There appears to be a typographical error in Equation (3) on line 19, where "Sotfmax" should likely be "Softmax".

作者回复

2025-04-01

We appreciate the reviewer’s careful review of our paper, positive feedback, and recognition of our work, particularly the novelty of our approach and the meaningfulness of our experiments. Below, we address the concerns point by point:

Comparison with Geometric Transformers

R: We have included a discussion of the geometric transformer literature [1, 2, 3, 4, 5] in the revised manuscript. Additionally, we conducted benchmarking experiments on the QM9 dataset to provide a more direct comparison. Due to time constraints, we focused on two properties. Our method achieves an MAE of 0.038, compared to Transformer-M (0.041) and Geoformer (0.040). These results demonstrate that our approach achieves state-of-the-art performance, even on smaller molecular systems where higher-order multi-body interactions are less prominent. This highlights the strength and versatility of our method.

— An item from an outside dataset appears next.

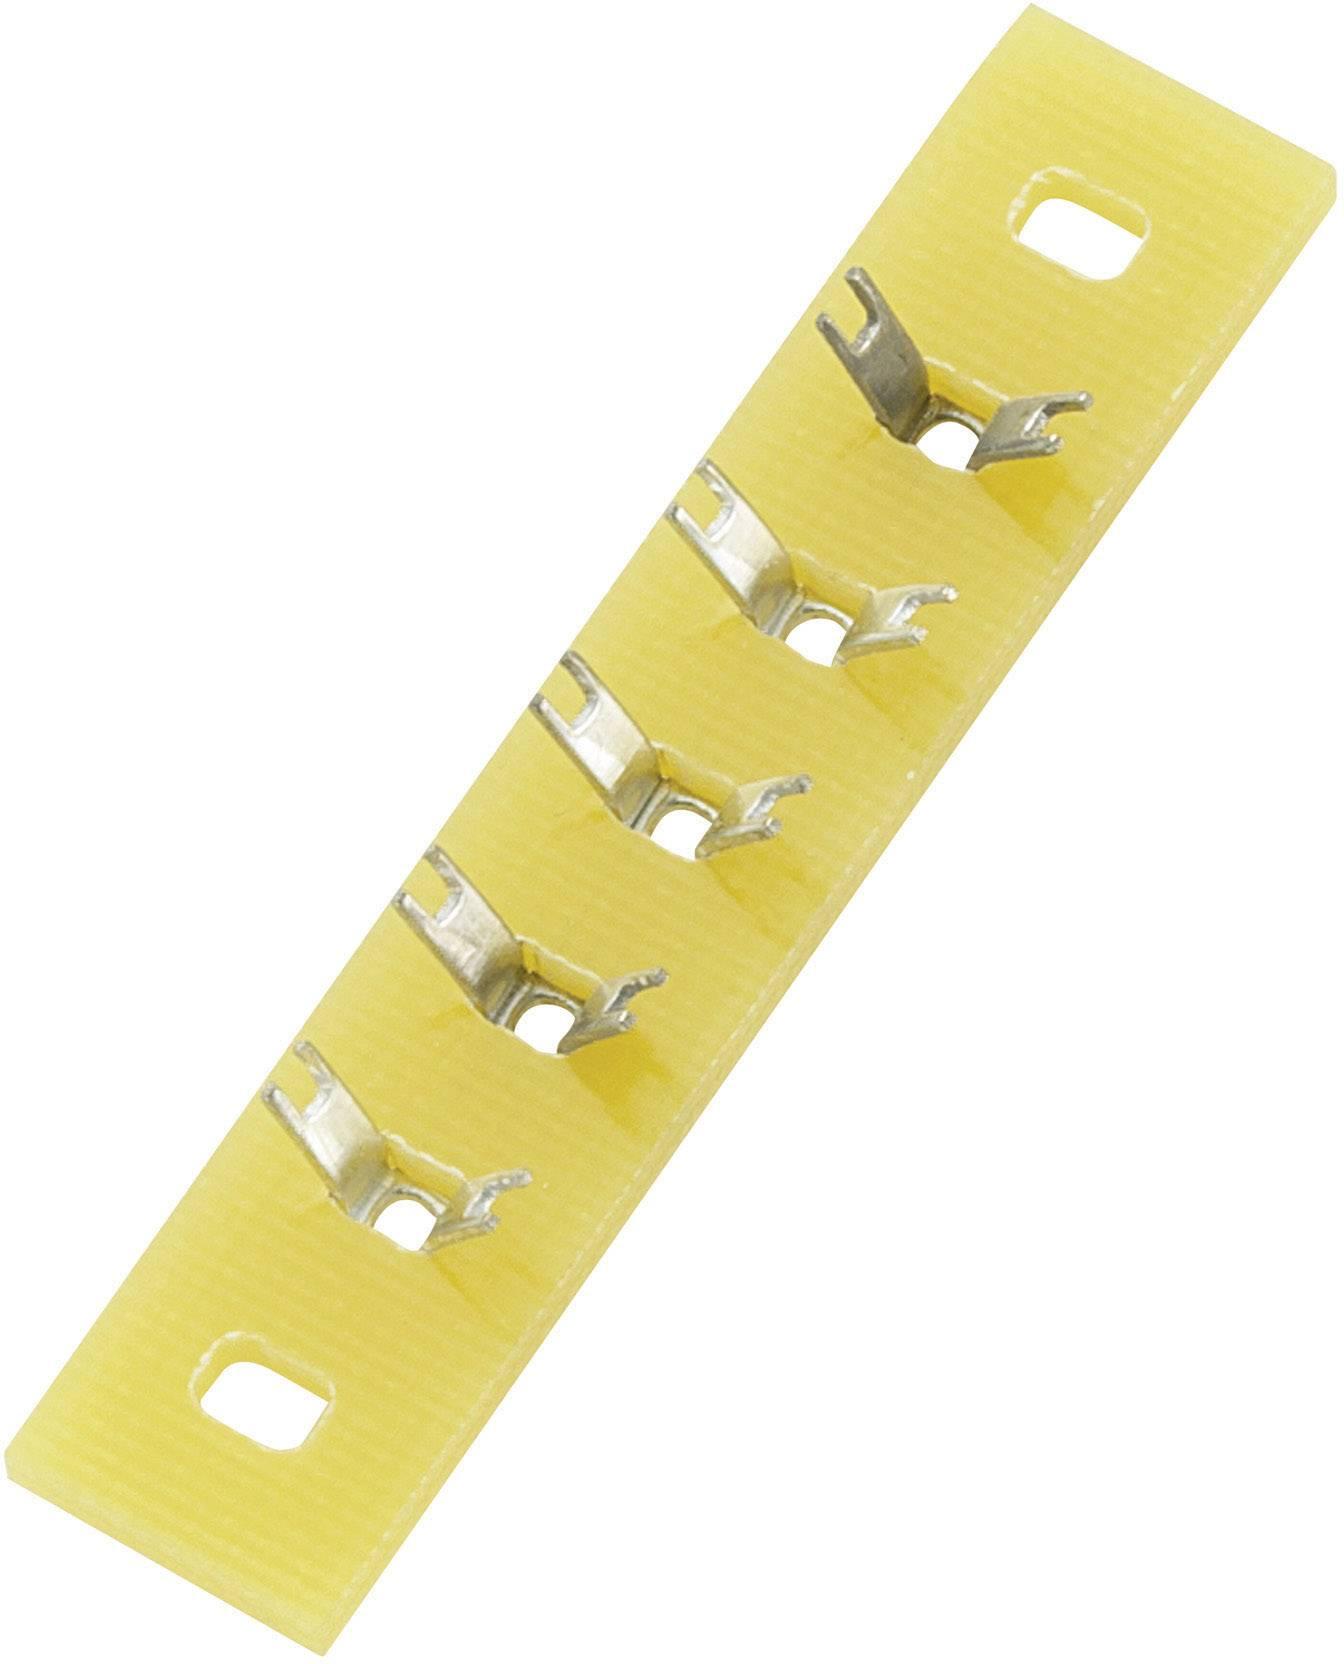 Spájkovacia lišta Conrad Components 530486, pólov 5, (d x š x v) 45 x 9 x 1.5 mm, 1 ks

QM9	$\alpha$	$\epsilon_{HOMO}$
Transformer-M	0.041	17.5
Geoformer	0.040	18.4
MABNet	0.038	14.4

Training and Inference Costs

R: In Section B.2 of the supplementary material, we have included a detailed discussion regarding the training and inference costs of our method. Additionally, we performed a comparative analysis of inference costs with Geoformer [1] in the MD22 dataset. Our results indicate that the improvement in prediction accuracy comes at a modest cost, with no significant degradation in training speed. This demonstrates the efficiency of our approach compared to similar models.

Methods	Memory Used	Inference Time (mins)
Geoformer	14362 MiB	33.43
MABNet (3-body)	16542 MiB	42.65
MABNet (4-body)	17400 MiB	49.79

We hope these revisions address your concerns and further strengthen our manuscript. Thank you again for your valuable feedback.

审稿人评论

2025-04-05

Thanks for the additional results clarifying my concern on apples to apples comparison. In light of these results, I've updated my score.

作者评论

2025-04-05

Thank you for your valuable feedback. We sincerely appreciate your thoughtful comments and the constructive discussion, which have been very helpful in improving the quality of our paper.

We will incorporate these suggested results and discussions in the revised manuscript to enhance clarity and completeness.

最终决定Accept (poster)

2025-05-01

The authors present a novel machine-learned force field based on a four-body formulation of self-attention, which goes beyond existing approaches like the triangle attention used by AlphaFold. This enables the inclusion of dihedral angles and other rich four-body geometry in these force fields. They demonstrate state of the art results on MD22. Many reviewers had concerns about the additional computational overhead of the 4-body attention compared to existing methods, and it would be good to show if comparable accuracy could be achieved simply by increasing model size. One reviewer felt that the paper did not give VisNet sufficient credit, and claimed that the method in the paper was only an incremental advance, however the authors provided ablation experiments showing a noticeable increase in performance on MD22 relative to VisNet. As long as VisNet is properly credited and compared against in the paper, I am happy to accept.